“Rahim’s magnificent work is wasted on a film that is an incongruent, surface-level concept that should never have made it out of that stage.”

Julia Ducournau is definitely not out of ideas. But watching her third effort Alpha, the follow-up to her Palme d’Or winning metallic madness Titane, it is becoming increasingly clear that she has problems developing those ideas from the conceptual phase into a cohesive narrative. While still adept at creating powerful, gripping imagery, none of that is in service of a good, or even comprehensible story. Alpha, a clear allegory for the 1980s AIDS crisis, is little more than a family drama that, stripped from a mysterious, transmissible disease and all the paranoia that comes with it (as we experienced in the not so distant past), would be an unremarkable social realist film that Cannes has plenty of. Lacking any poignancy about this health crisis that it so desperately tries to push to the forefront, Alpha devolves into a disjointed, incongruent mess in which very little is left standing except for a single performance.

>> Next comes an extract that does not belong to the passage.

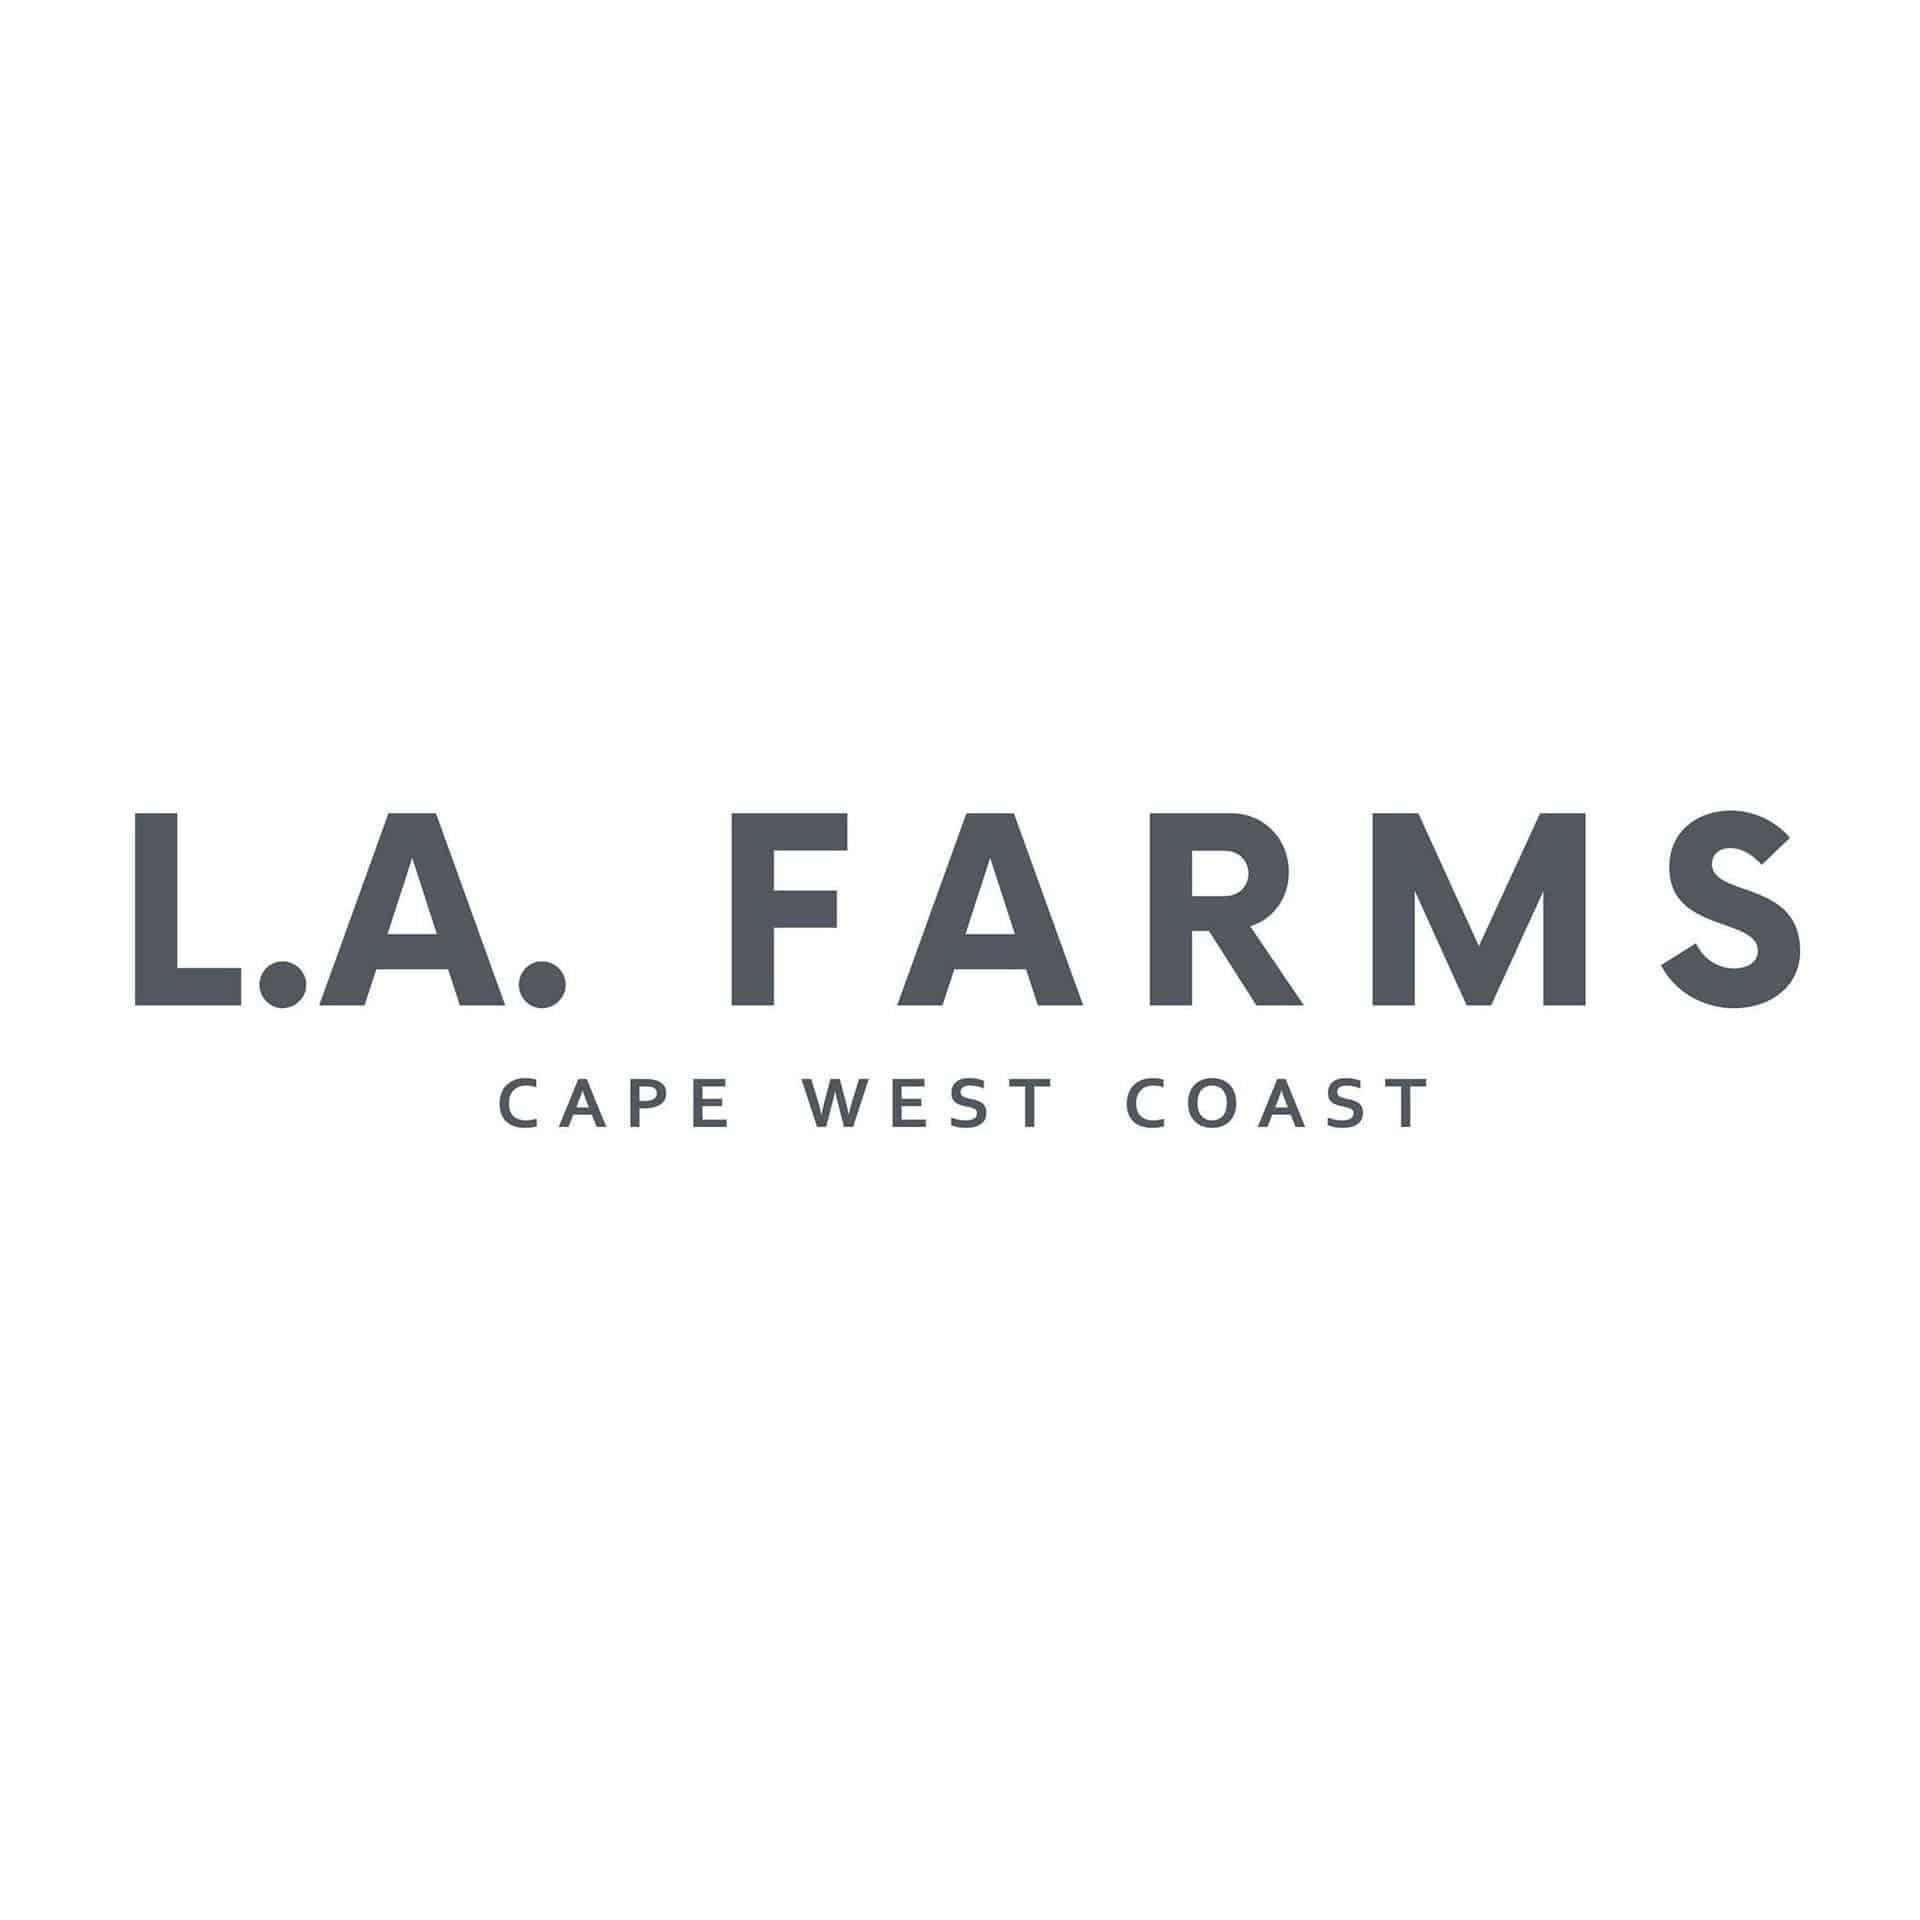 L.A. Farms

Alpha (Mélissa Boros) finds herself at a party that should have an age limit clearly above her 13 years, getting a tattoo with a needle that may or may not have been used before. This is irresponsible in the best of times, but those are not the times Alpha lives in. There is a disease that has the population in its grip, transmissible by blood (and possibly air, but like so many things in Alpha this remains unclear), which over time turns those infected into marble, and obviously very dead, statues. Once her unnamed mother (Golshifteh Farahani), a doctor in a hospital where most of the staff has bailed, finds out what her daughter has been up to, she is understandably very worried that her daughter might turn into stone as well. She has Alpha tested, but while awaiting the test results Alpha is bullied at school (a first sign that logic is not what we should expect; why would schools go on as if nothing’s happening when the health sector seems to be all but collapsed?), except for Adrien, a boy her age for whom she is basically a side piece.
To make things worse, her mother’s brother Amin (Tahar Rahim, severely emaciated for the role) shows up. A junkie who, as later revealed, has been suffering from the disease for quite some time, Amin builds up a bond with his young niece as his health severely deteriorates without a fix to let him sink into a haze. He is not the most responsible uncle though, at one point taking her on a nighttime bender past seedy underground clubs and even seedier brothels.

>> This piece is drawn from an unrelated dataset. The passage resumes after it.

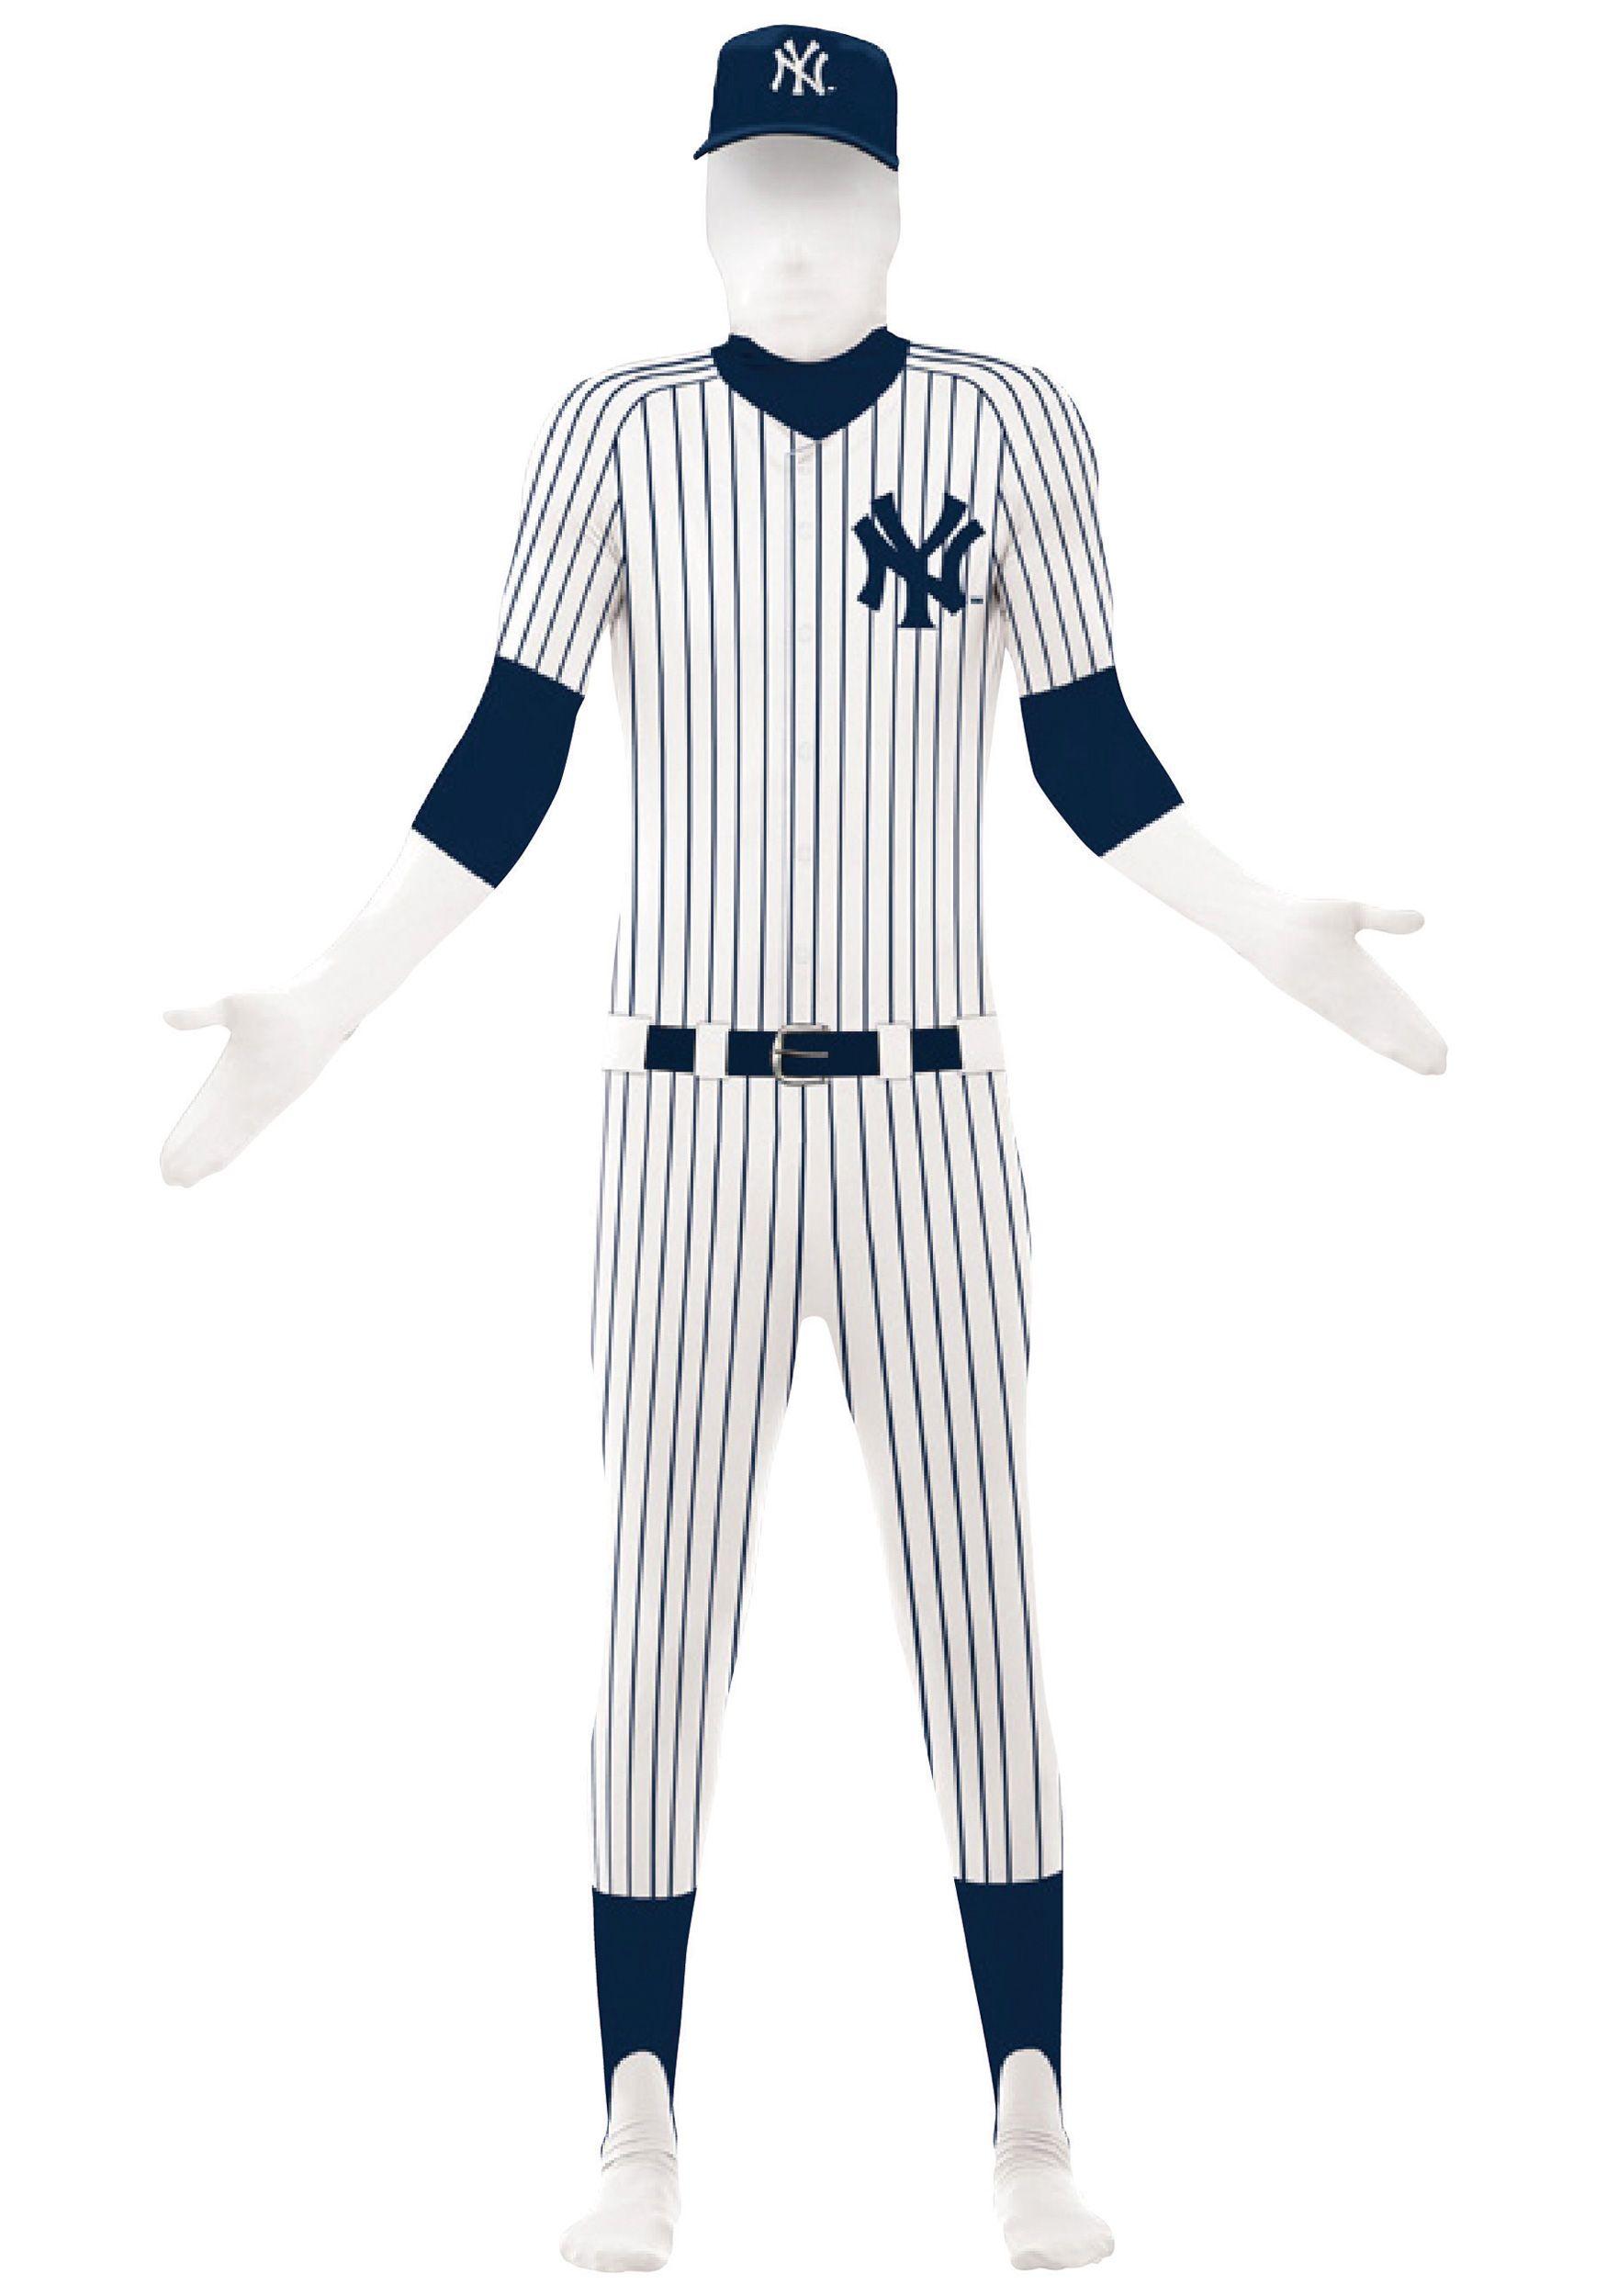 promo code e79c1 e3a96 Mens New York Yankees Costume | NYE - Iconic New York ...

It is at this point that Alpha really loses the plot. As the film skips back and forth between two time periods eight years apart, the separation of the two made possible for the viewer by Farahani’s coiffe changing from a perm to straight and back, in the final stretch it starts to blend the two so that hair alone isn’t enough to figure out what point in time we are looking at. Is this a bout of magical realism? A hackneyed attempt at symbolism? Or simply Ducournau throwing her hands up and just going for broke. Smart money says it’s the latter, as none of what came before suggests the director really knew where she was going with this story. That leads to plot strands left dangling (Alpha’s teacher, whose boyfriend is halfway to turning into Michelangelo’s David, so to speak, is a prime example of this), panic attacks for the protagonist that have little effect on the girl’s arc, and a brother-sister relationship made so important that the young girl at the heart of the story is left with a limp attempt at sex with the not-quite boyfriend just to give her something to do. This Alpha clearly has no Omega.
The film clearly is intended to take us back 40-odd years, when the world was held in the grip of AIDS and the fear and paranoia surrounding it. The gay teacher with an infected boyfriend, the drug addicts being victims of this debilitating disease: the parallels are clear. Ducournau doesn’t really have anything deeper to say about it though, using the disease as a plot device, and using it irregularly. The pandemic seems to have been raging for eight years, yet there is no apparent cure. If we learned anything from COVID, it is that a vaccine doesn’t take that long if the world really pulls together. Charlie Polinger’s The Plague, an adolescent-aimed drama that also had young kids feeling paranoid about a friend possibly transmitting a disease to them, said more about bullying and human behavior when fearful than Alpha ever does. Even a film like Diego Céspedes’ The Mysterious Gaze of the Flamingo, a quasi Western explicitly about the AIDS crisis and how it affects the inhabitants of a remote Chilean mining town, has more humanity in it than Ducournau’s latest effort. The French director comes up empty trying to make any comment about the human condition in the face of such a crisis, apart from platitudes – far more interested as she is in the dynamic between Farahani and her drug-addled brother. Removed from all the hoopla Alpha would have been a much stronger, but also smaller film, yet Ducournau seems to have started with the concept of a disease turning people into statues, but didn’t know how to elicit drama from that, therefore injecting the film with the more easily recognizable and accessible human drama involving Farahani and Rahim. The former is given the short end of the stick, also having to keep the incomprehensible story around the disease afloat, while Rahim gets far more opportunity to shine. His performance, perhaps the film’s only saving grace, is a very technical exercise, but even through all the tics and shakes the actor manages to create a true warmth and humanity in his character. Rahim’s magnificent work though is wasted on a film that is an incongruent, surface-level concept that should never have made it out of that stage.